Declining National Rates Of HIV-Related Deaths And Illnesses Due To Combination Antiretroviral Therapy With Protease Inhibitors

An article published in the March 26 issue of the New England Journal of Medicine shows that aggressive combination antiretroviral therapy -- specifically including protease inhibitors -- dramatically reduces death rates and opportunistic infections in HIV-infected patients.

The nationwide study described in the article found that the number HIV-related deaths decreased from almost 30 per 100 person-years in 1994 to about 9 per 100 person-years by mid-1997. At around the same time, prescription rates of combination antiretroviral therapy increased from 25 percent of patients seen in 1994 to 94 percent by June 1997, with dramatic increases noted in prescription of combination regimens including protease inhibitors from 2 percent in mid-1995 to 82 percent by June 1997.

Similarly, incidence of three major opportunistic infections, Pneumocystis carinii pneumonia, Mycobacterium avium complex and cytomegalovirus retinitis, declined from 22 cases per 100 person-years overall in 1994 to 3.7 cases for 100 person years by mid-1997.

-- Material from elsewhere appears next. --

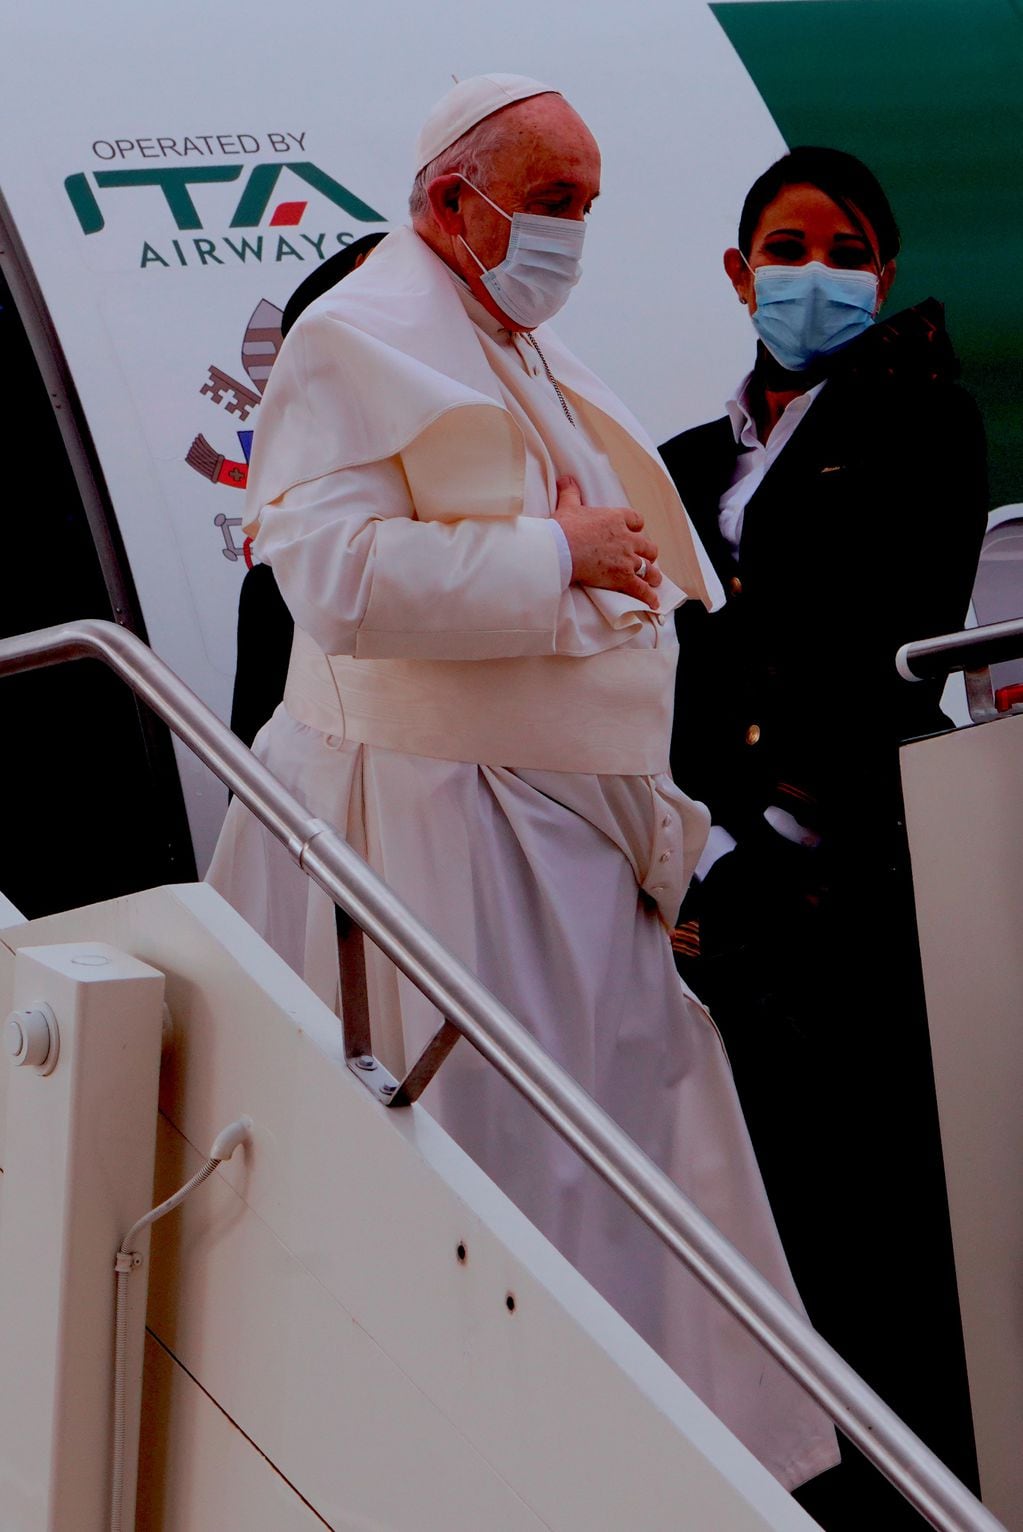 La imagen del papa Francisco en la escalerilla del avión de ITA Airways. Foto: AP/Domenico Stinellis
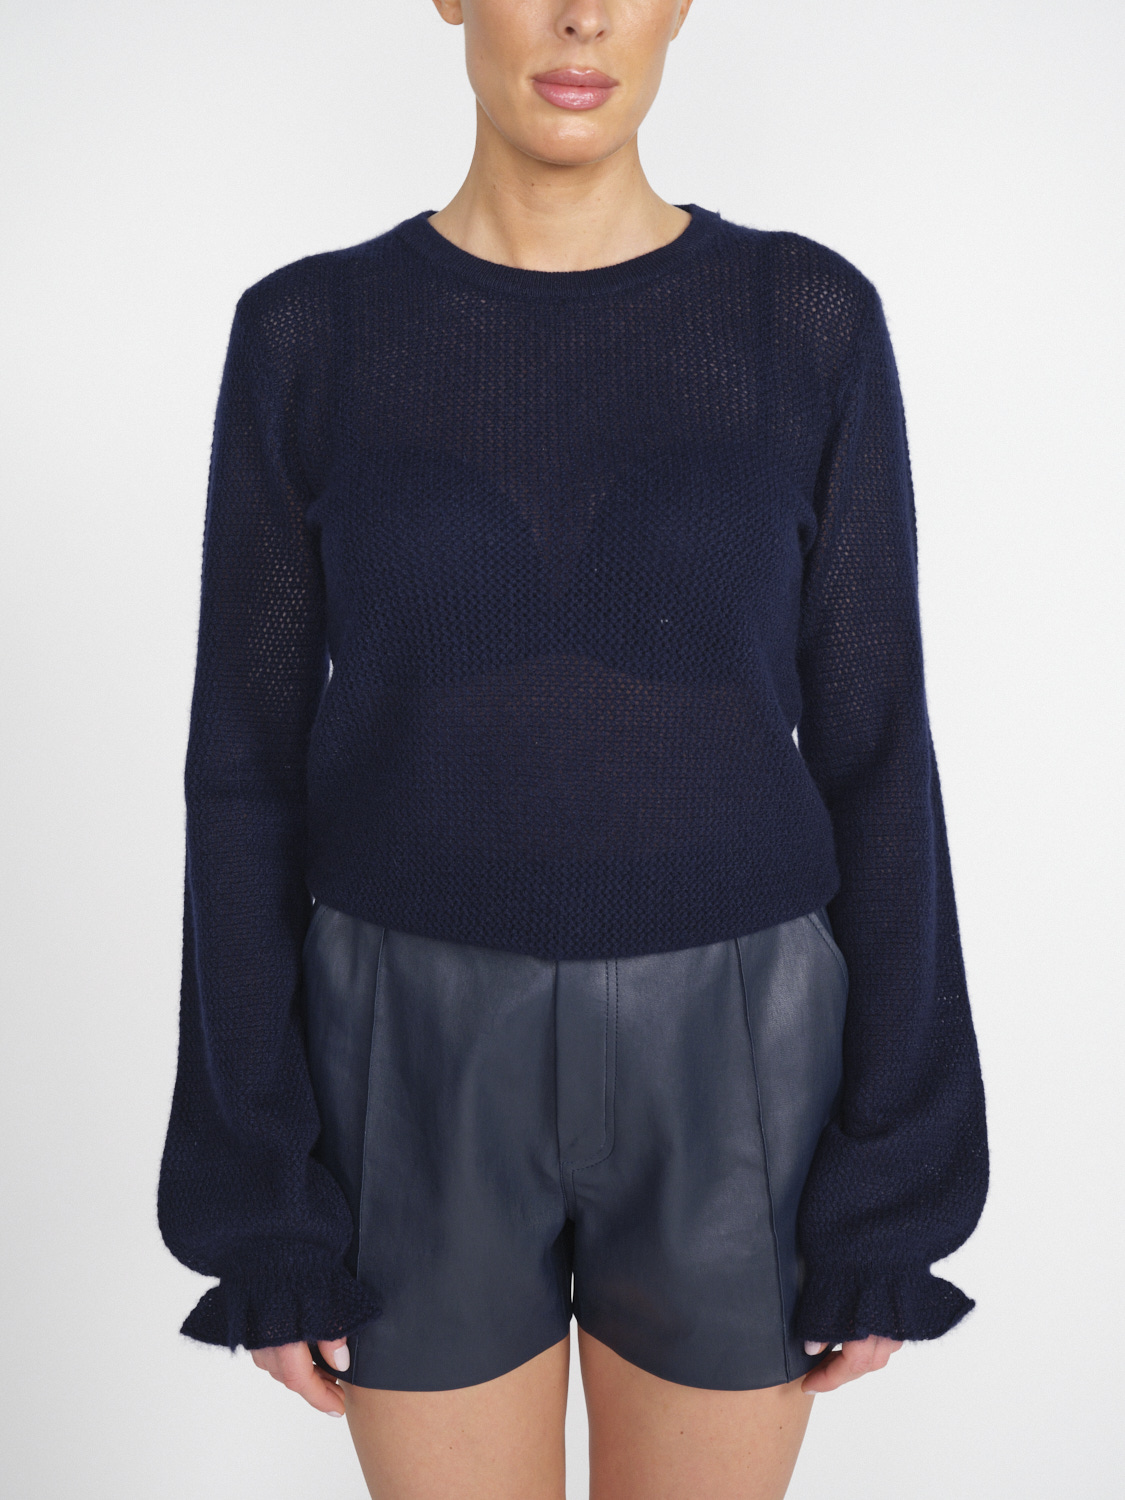 Leanne - Ajour knit cashmere jumper

"Changing patterns of antiretroviral treatment have reduced the morbidity and mortality of HIV-infected patients," said infectious disease specialist Frank J. Palella, M.D., of Northwestern University Medical School.

"Specifically, combination antiretroviral therapy accounted for the largest proportion of such reductions," he said.

Reductions in death and disease were clearly linked to the increasing use of combination antiretroviral therapy, with the most dramatic decline coinciding with growing use of protease inhibitors, Palella said.

"Our data suggest that intensive combination therapy including protease inhibitors should be considered the standard of care for patients with advanced HIV infection," he said.

Palella was lead author on the study, conducted in collaboration with researchers from the HIV Outpatient Study, a nationwide consortium of nine HIV clinics and research centers.

Another of the study's striking findings was that patients with private insurance were more often prescribed protease inhibitors and had lower mortality rates than those on Medicare/Medicaid. However, Palella noted that use of protease inhibitors in the period from 1994 to mid-1997 had increased markedly for both those with private and publicly funded health care.

Protease inhibitor use did not differ significantly when patients were grouped by gender, race or age, although injection drug users were slightly less likely to receive protease inhibitors. Further, the large declines in mortality rates were seen regardless of gender, race, age or HIV transmission risk category.

The researchers analyzed data over a 42-month period from each of approximately 1,250 HIV-infected patients in each of four levels of increasing intensity of prescribed antiretroviral therapy: no antiretroviral therapy; single therapy; combination antiretroviral therapy not including a protease inhibitor; and combination therapy with a protease inhibitor. Death rates and incidence of opportunistic infection were compared by antiretroviral level, drugs prescribed to prevent opportunisitic infection, patient demographics (i.e., gender, age, ethnicity and mode of HIV acquisition), and CD4 cell count (a measure of drugs' efficacy) at first study visit, as well as method of payment (i.e., private insurance, Medicare/Medicaid, self-pay and Ryan White Care Act prescription programs). Death rates and protease inhibitor prescription rates were then analyzed by source of payment.

Palella's co-researchers on this study were Kathleen M. Delancy and Diane J. Aschman, Health Research Network of Apache Medical Systems, Inc., Chicago; Scott Holmberg, M.D., Anne C. Moorman and Glen A. Satten, Centers for Disease Control and Prevention, Atlanta, Ga.; Mark O. Loveless, M.D., Oregon Health Sciences University, Portland, Ore.; Jack Fuhrer, M.D., State University of New York, Stony Brook, N.Y.; and other HIV Outpatient Study (HOPS) Investigators.